Societies in which "family honor" is considered highly important generally place a correspondingly high degree of restriction of the freedom of women. In these cultures, a family may defend its honor, or may seek reparation or revenge if the family honor is perceived to have been abused or treated with disrespect. In Ancient Rome, sexual activity of married women outside of their marriage was seen as dishonor to the family and it was legal for men to kill their wives or married daughters that shamed the family through adultery. Reasoning for the designation of women to private and/or nonmale areas comes from the ancient tradition of a woman's place in the world. Women are not seen as independent individuals, but rather extensions of their male counterparts' identity and honor.

===Family honor within society===
Because the approval of honor is dependent upon the recognition of others, during ancient times individuals worked hard for the approval of their peers within their societal cultures. This meant that individuals were more likely to behave like their honorable counterparts. Groups reinforced what it meant to be honorable through various expected behaviors and goals placed amongst individual members. This discouraged members from any negative activity that may have adversely affected a group or family's honor. In the event that the leader of the group promoted actions that did not appear to be honorable on a larger societal scale, the leader then offered some explanation defending their actions which lead to the preservation of what they defined as honor and their traditions forever.

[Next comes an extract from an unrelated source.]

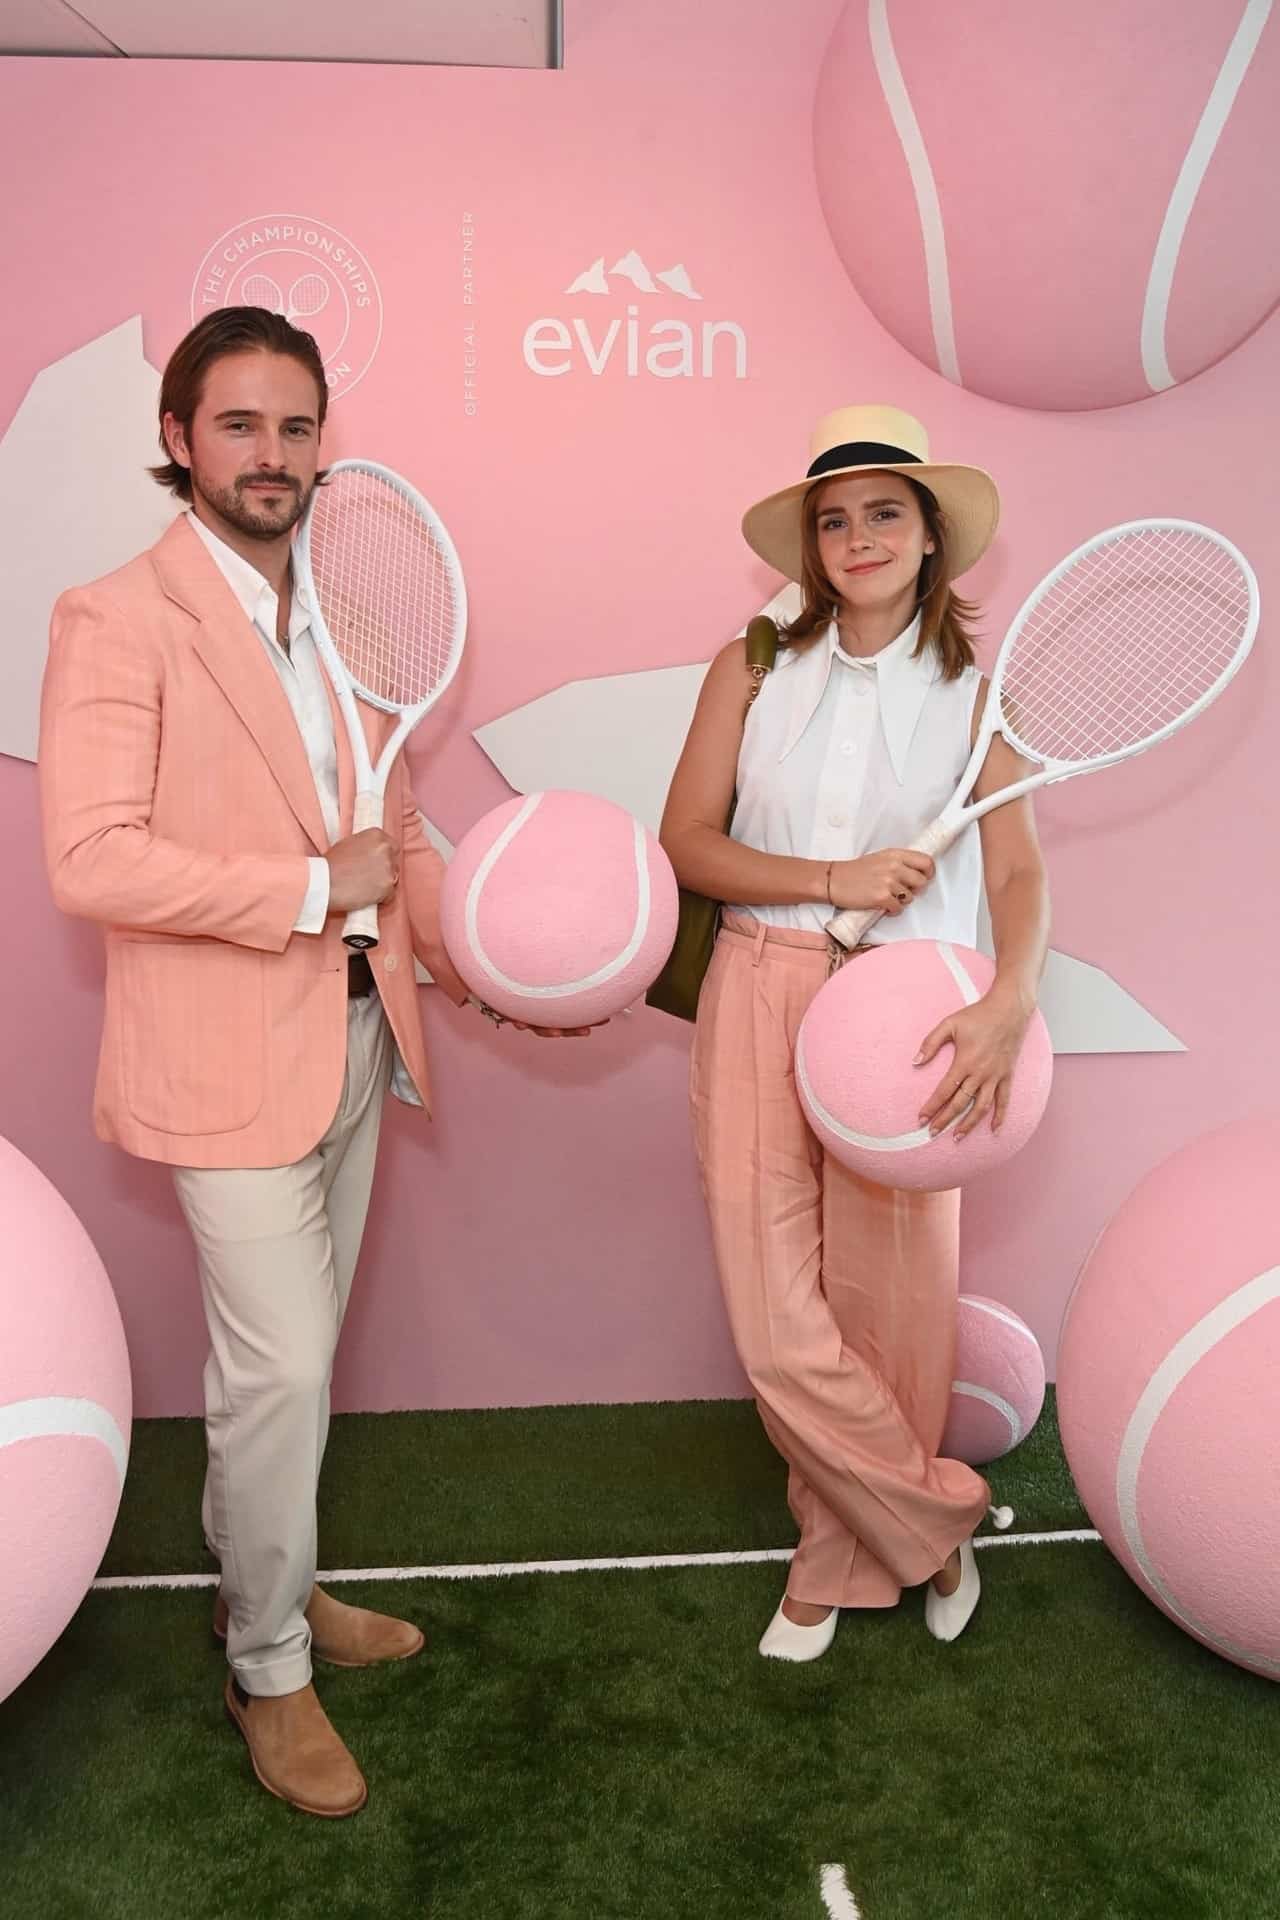 Emma Watson's Stunning Outfit Steals the Show at Wimbledon 2023 Men's Final

In Ancient Rome, chastity and loyalty of members of a family was an important factor contributing to family honor in addition to social standing and accomplishments of that family. For example, if a married woman committed adultery, her father had the legal right to kill her whereas her husband was required to divorce her. If the husband chose not to divorce his wife, he would jeopardize his honor and be labeled as a pimp.

===In opposition to freedom===

In some cultures with strong principles of family honor, offspring are not free to choose a partner for themselves but may instead be expected to enter into an arranged marriage or if the offspring resists, into a forced marriage or child marriage.

The use of violence may be collective in its character, where many relatives act together. The roles of women and men in this type of honor culture varies between persecutors and the oppressed, for instance a son in a family may be forced to enter into an arranged marriage by his older relatives while controlling his sisters.

==Family honor within different cultures==
Honor cultures exist throughout the world but are more common among peoples from regions stretching from North Africa via the Middle East, Central Asia and to the Indian subcontinent. Examples of these countries are Afghanistan, Albania, Eritrea, Iraq, Kurdistan, Libya, Palestine, Pakistan and Somalia. Family honour is also an important part of Latin American culture.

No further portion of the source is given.